(Île Devon -Nunavut)
Nouveau recul de
la montre d'une heure cette nuit (UTC-5), le réveil matinal n'en est que moins
dur.
C'est routinier,
mais le beau temps nous poursuit dès l'aube. Qui s'en plaindrait ? Grand ciel
clair et excellente visibilité. Les sommets enneigés ou englacés de l'île Devon
se teintent de rose alors que le soleil se lève. A part les hommes de quart à
la passerelle, il y a bien peu de monde pour contempler ces petits matins
lumineux. Difficile de se passer de ce plaisir un peu égoïste !
L'ile Devon aux aurores |
05h30, le Soléal
longe la côte sud-est de la grande île Devon entièrement recouverte par une
calotte polaire. Vu du large, c'est une immense surface en pente douce qui par
son propre poids s'écoule d'elle-même très lentement vers la mer. C'est blanc
partout, le front glaciaire est une immense falaise blanche sur plusieurs
kilomètres de longueur, éclatante sous le soleil.
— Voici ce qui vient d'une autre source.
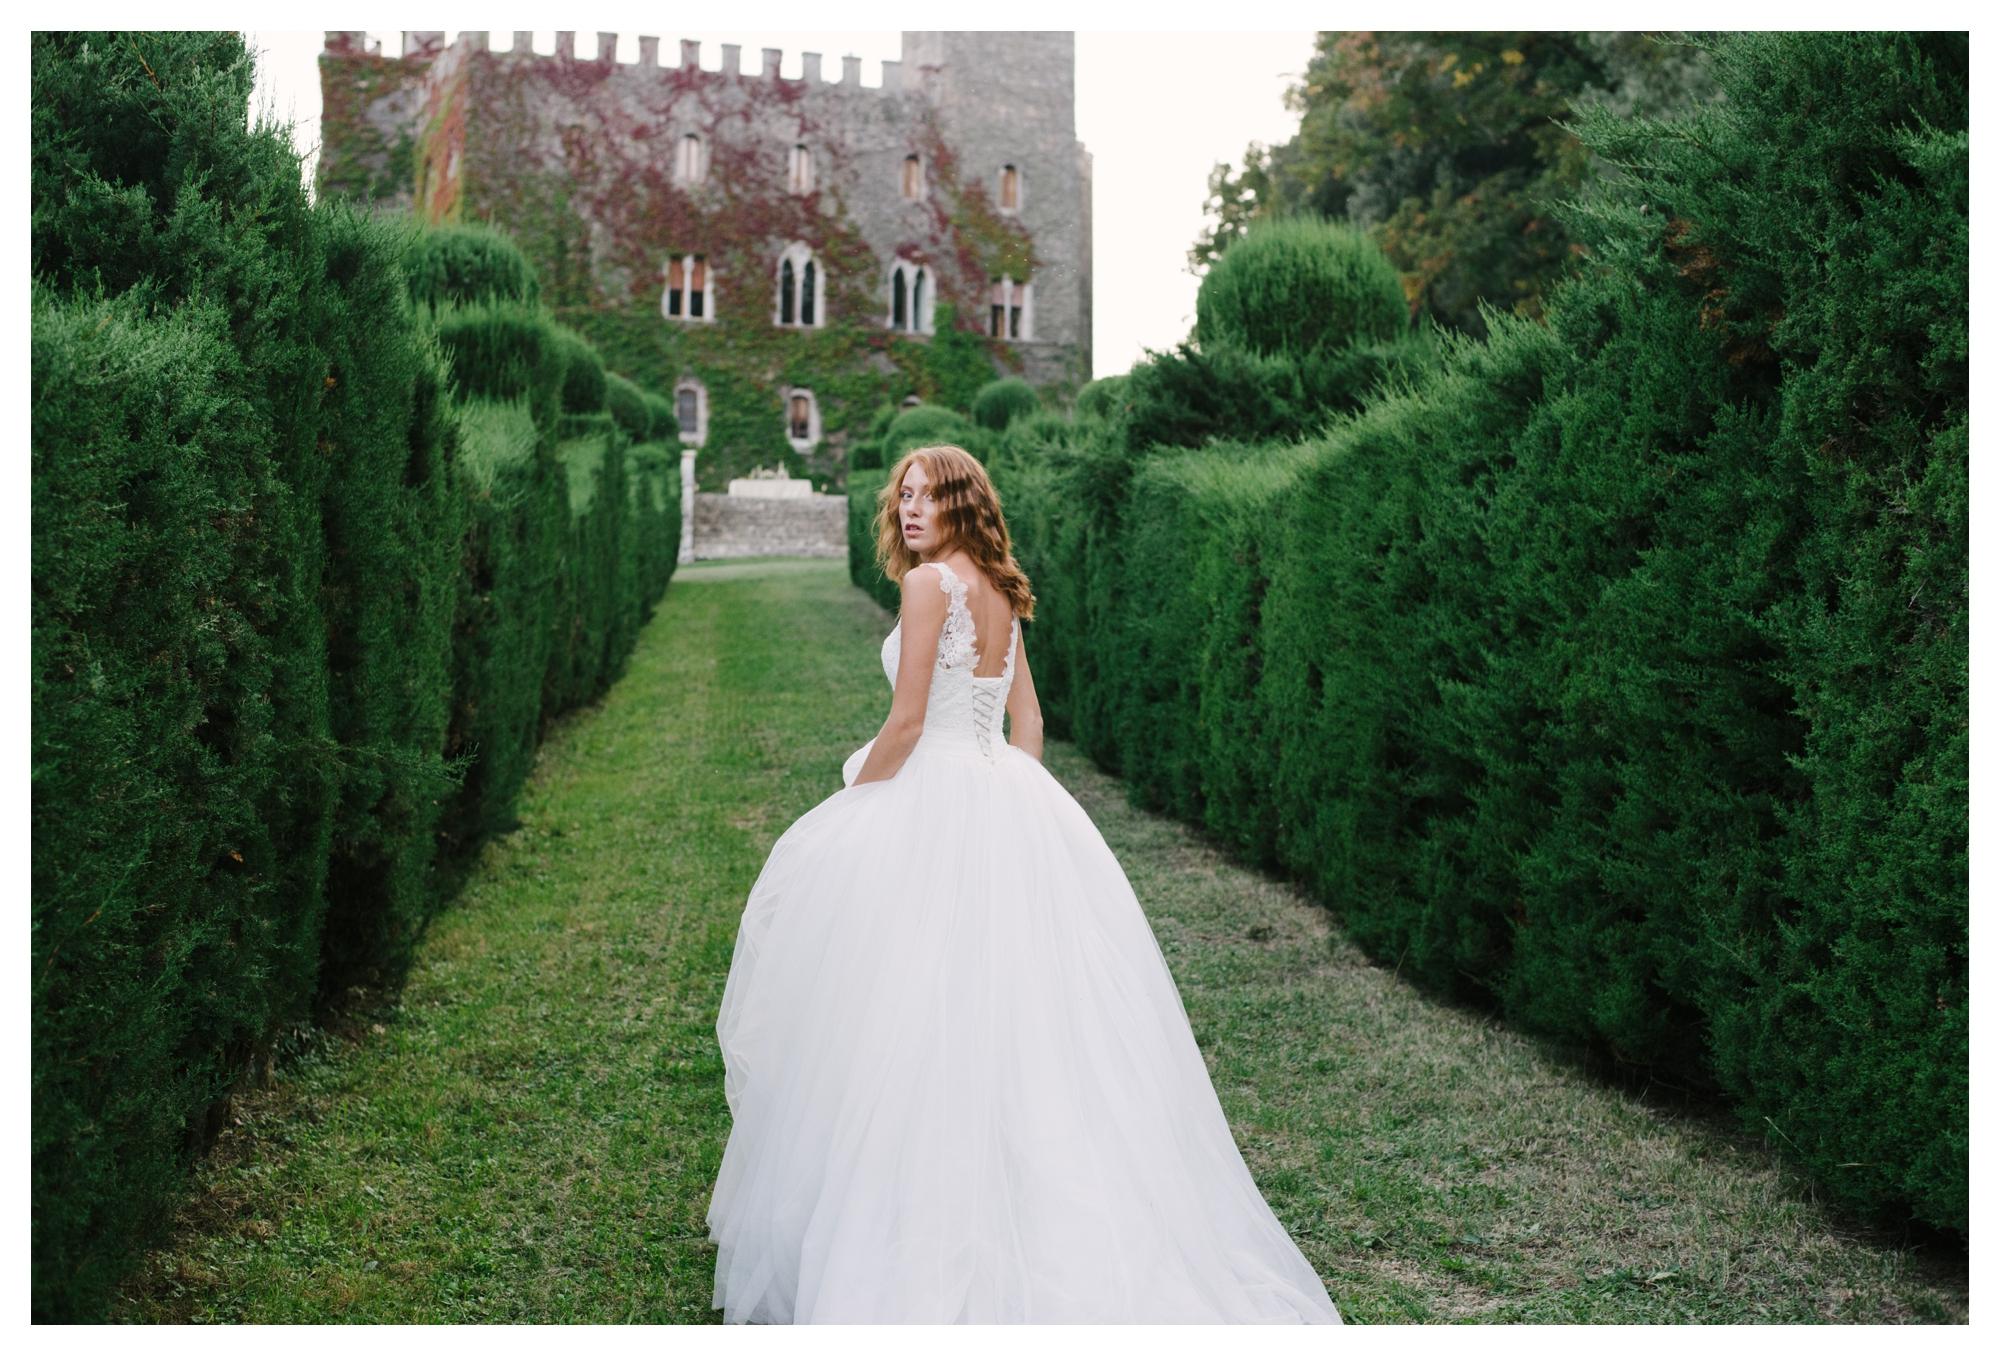 tuscany-castle-wedding-photographer-italy-williamsburgphotostudios-_0014.jpg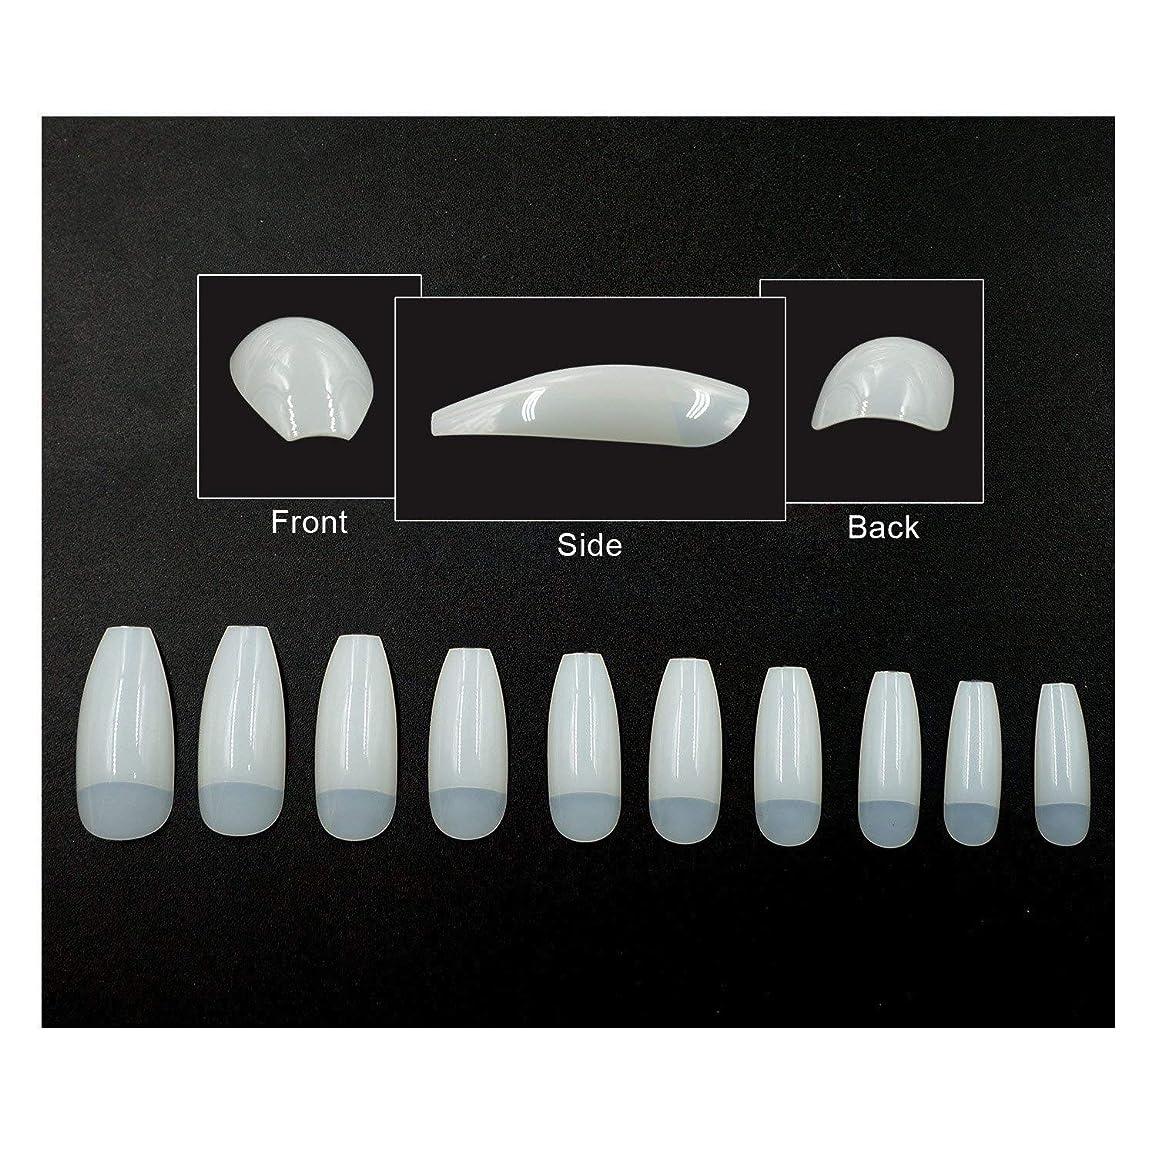 Murakush 偽ネイル 偽爪 ネイルアート 500個 3d UVジェル 自己接着 スライス ポリマークレイ diyネイル マニキュアの装飾 ネイルチップ ネイルデコレーション 手作り 可愛い

La calotte polaire sur l'île Devon |
En début de
matinée, le Soléal jette l'ancre dans Bethune Inlet, un étroit bras de mer
entre l'île Devon et la presqu'île de Philpots. Même ici, le site fait rêver : la
calotte glaciaire à gauche et la côte bosselée de Philpots à droite. Immense !
08h30, nous
sommes le premier groupe à débarquer ce matin. Initialement, ce devait être
pour une petite navigation à proximité du front glaciaire mais les plans sont
révisés au dernier moment car un ours polaire a été repéré à nager vers le fond
de la baie.
Le premier ours polaire |
L'occasion est
trop belle. Effectivement, au bout de quelques minutes de navigation à bord du
Zodiac™, on remarque bien un point blanc à la surface de l'eau. Et un point,
c'est pas gros ! Néanmoins, en s'approchant prudemment on distingue une tête et
un dos qui émergent : c'est l'ours ! Il y a plusieurs Zodiac™ remplis de
photographes armés jusqu'aux dents qui cernent la bête. Se sentant vulnérable, l'ours
pas rassuré, préfère s'éloigner en se retournant fréquemment vers nous.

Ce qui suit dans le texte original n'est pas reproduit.